Hope to Sunshine Valley( Formerly the Tashme Internment Camp)

July 28, 2021



The Hope Slide, the high point on today’s ride.


Today’s ride: 25 kms (but 850 metres of climbing)

Trip total: 255 kms


Ruth: Well, the mystery tour carries on, but the jury is still out on whether or not we will be able to continue. The Garrison Lake fire is raging a few kilometres away from the highway between Manning Park and Princeton. Air quality plummeted through that corridor today and it is very possible Manning will have to be a turn around point. Gord has informed me that this is contrary to his magical thinking about unicorns, rainbows and clear skies through BC. I think he may have suffered a stroke. 


We are camping at the RV park in Sunshine Valley after a short but hard day of climbing. The owners kindly told us that there is a bear in the area and suggested we:

  1. Put our food in a cooler?!$#*! 
  2. And bring it into our tent **#%$&?!!!!  

I guess that’s how they feed their wildlife. 

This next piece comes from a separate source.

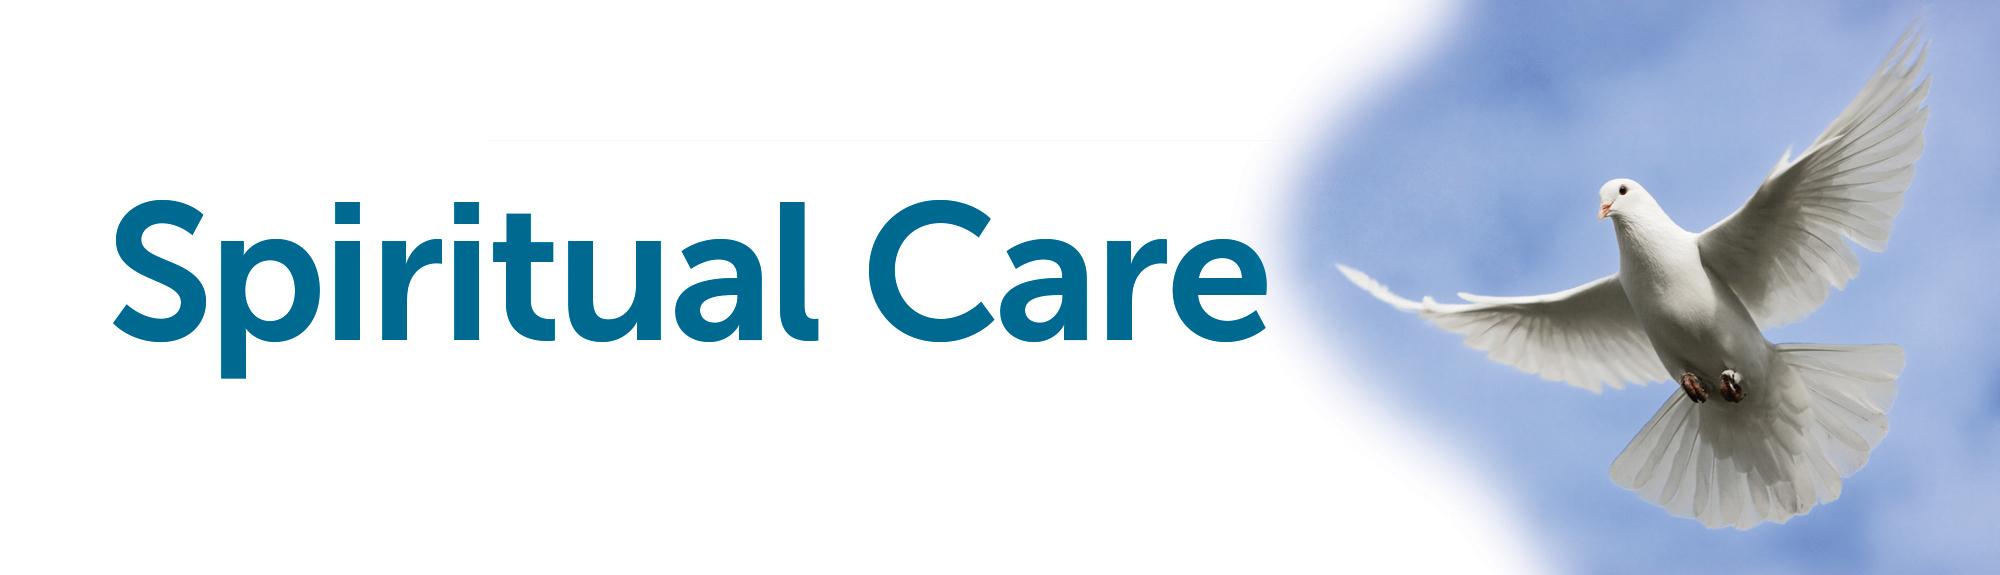 Spritual Care Bannernew

Sunshine Valley was “home” to BC’s largest Japanese internet camp, Tashme. More than 2,000 people in more than three hundred shacks survived four cold winters in this valley. The population was largely made up of women, children and the elderly. The men had already been separated from their families and sent to build three of BC’s highways,  including the highway between Hope and Princeton. Our tent is sitting in a field where rows and rows of tar paper shacks once stood.


There is a wonderful little museum here that was opened on our request. It’s really worth a visit. The owner and curator, Ryan Ellen, gave us a tour and shared a lot of his knowledge of the Tashme camp. Less reliable was the NFB film made at the time.  It continued to refer to Tashme as a town rather than an internment camp and suggested that the Japanese became healthier once they were relocated.